Coraz częściej dochodzę do odkrywczego wniosku, że stanowczo już zbyt długo żyję. Po prostu gdy się długo żyje to co jakiś czas jest się dość biernym świadkiem różnych przemian w życiu codziennym. Trzeba oddać sprawiedliwość światu, że nie zawsze są to złe przemiany, ale jak mawiają niektórzy, "lepiej jest często wrogiem dobrego".
Pisaliście kiedyś testament? Taki najprostszy, typu co komu ma przypaść z waszej własności - dzieciom, wnukom, komuś z rodziny lub komuś, czyjej obecności w waszym życiu nikt się nie spodziewał?
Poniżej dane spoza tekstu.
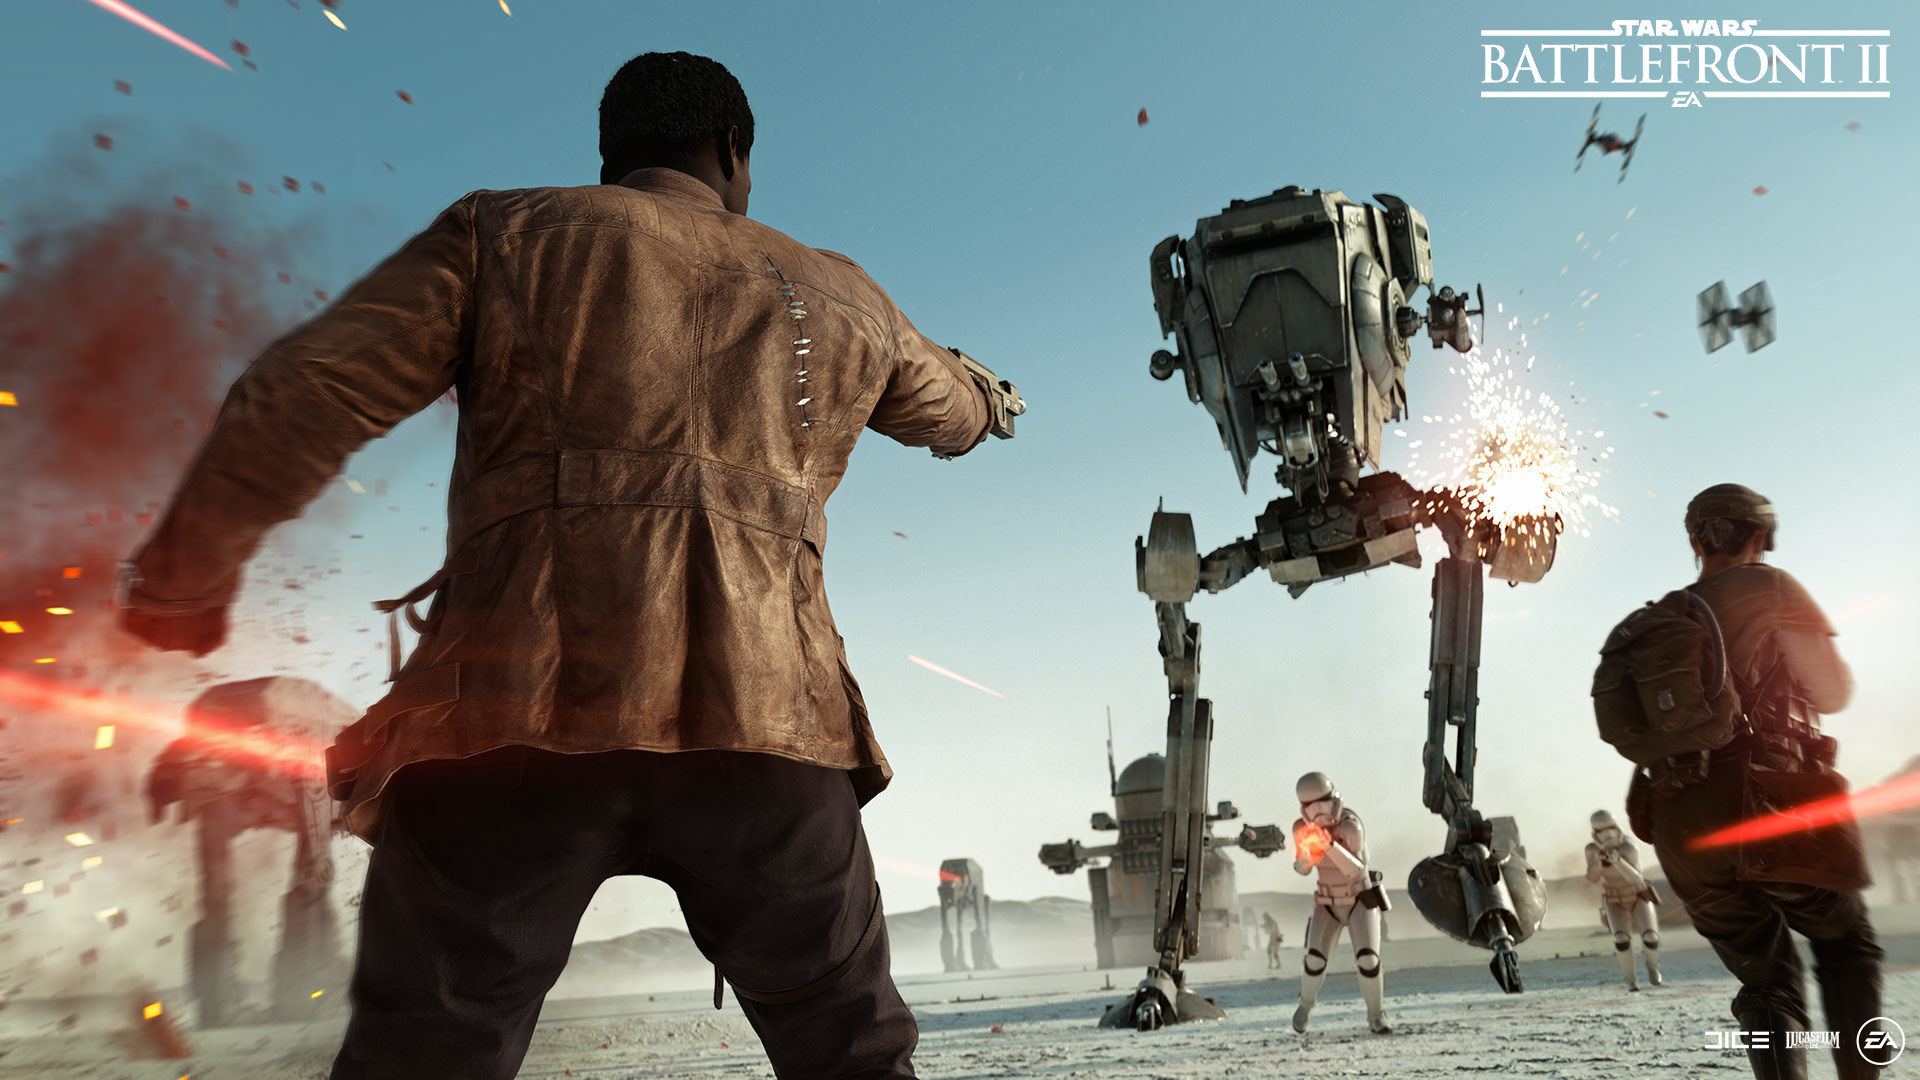 Finn Star Wars Battlefront II

Przed wyjazdem z Polski oboje z mężem odwiedziliśmy Biuro Notarialne i sporządziliśmy dwa testamenty. Dzięki temu gdy mój mąż odszedł w Niebyt nie było żadnych problemów, stawiłyśmy się z córką na tzw. "otwarcie" testamentu, wszystko było jasne i klarowne, zero problemów - no może tylko "złapanie terminu" w najbliższym polskim Biurze Notarialnym było "średnio proste"- za to odległość od naszego miejsca pobytu całkiem strawna, czyli 106 km i dojazd też niezły.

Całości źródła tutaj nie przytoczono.